Member of the Michigan Senate from the 2nd district
- In office January 4, 1905 – December 31, 1908
- Preceded by: Charles C. Simons
- Succeeded by: Gustav A. Krueger

Personal details
- Born: August 13, 1871 Atlantic, Iowa
- Died: July 23, 1923 (aged 51)
- Party: Republican
- Alma mater: Olivet College Detroit College of Law

= John Donald M. MacKay =

American politician (1871–1923)

John Donald M. MacKay (August 13, 1871July 23, 1923) was a Michigan politician.

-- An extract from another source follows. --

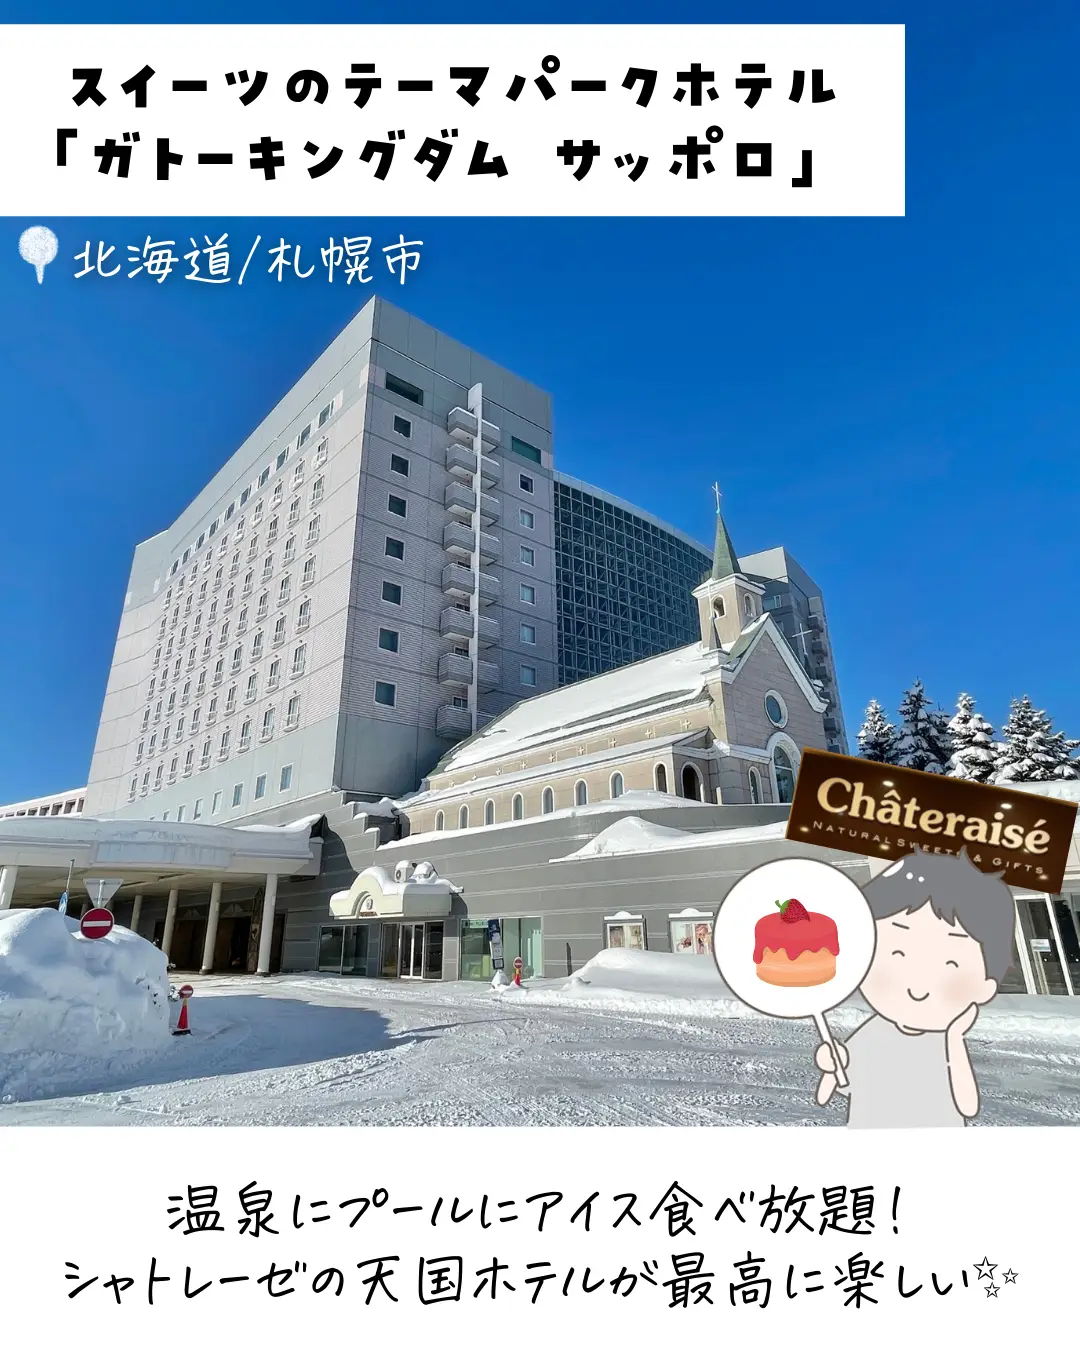 シャトレーゼ 北海道 ホテル ガトーキングダムサッポロ 1泊2日ペア宿泊

==Early life and education==
John Donald M. MacKay was born on August 13, 1871, in Atlantic, Iowa, to parents Thomas Compton and Johanna MacKay. John was of Highland Scottish descent. With his family, John moved to Spink County, South Dakota, in 1880, where he lived on his father's ranch. He went to district schools in South Dakota, and high school in Atlantic. In 1895, John graduated from Olivet College with a Bachelor of Arts degree. In 1895, John graduated from Detroit College of Law with an LL. B. degree.

==Career==

In 1895, MacKay was admitted to the bar. He then began practicing law in Detroit as a member of the law firm Stellwagen, MacKay and Wade, which was formerly known as Cutcheon, Stellwagen and MacKay. MacKay specialized in corporation law. At some point, MacKay served on the board of trustees for Olivet College. MacKay was a member of notable clubs, such as the Detroit Club and the Detroit Country Club. He was a member of multiple bar associations: the Detroit Bar Association, the Michigan State Bar Association and the American Bar Association. He also had mining interests in Montana. On November 8, 1904, MacKay was elected to the Michigan Senate where he represented the 2nd district from January 4, 1905, to December 31, 1910. On November 3, 1908, MacKay was elected to the Michigan Senate where he represented the 3rd district from January 6, 1909, to December 31, 1910.

==Personal life==

On January 17, 1900, MacKay married Isabella Hosie in Wayne County, Michigan. MacKay was Presbyterian.

==Death==

MacKay died on July 23, 1923.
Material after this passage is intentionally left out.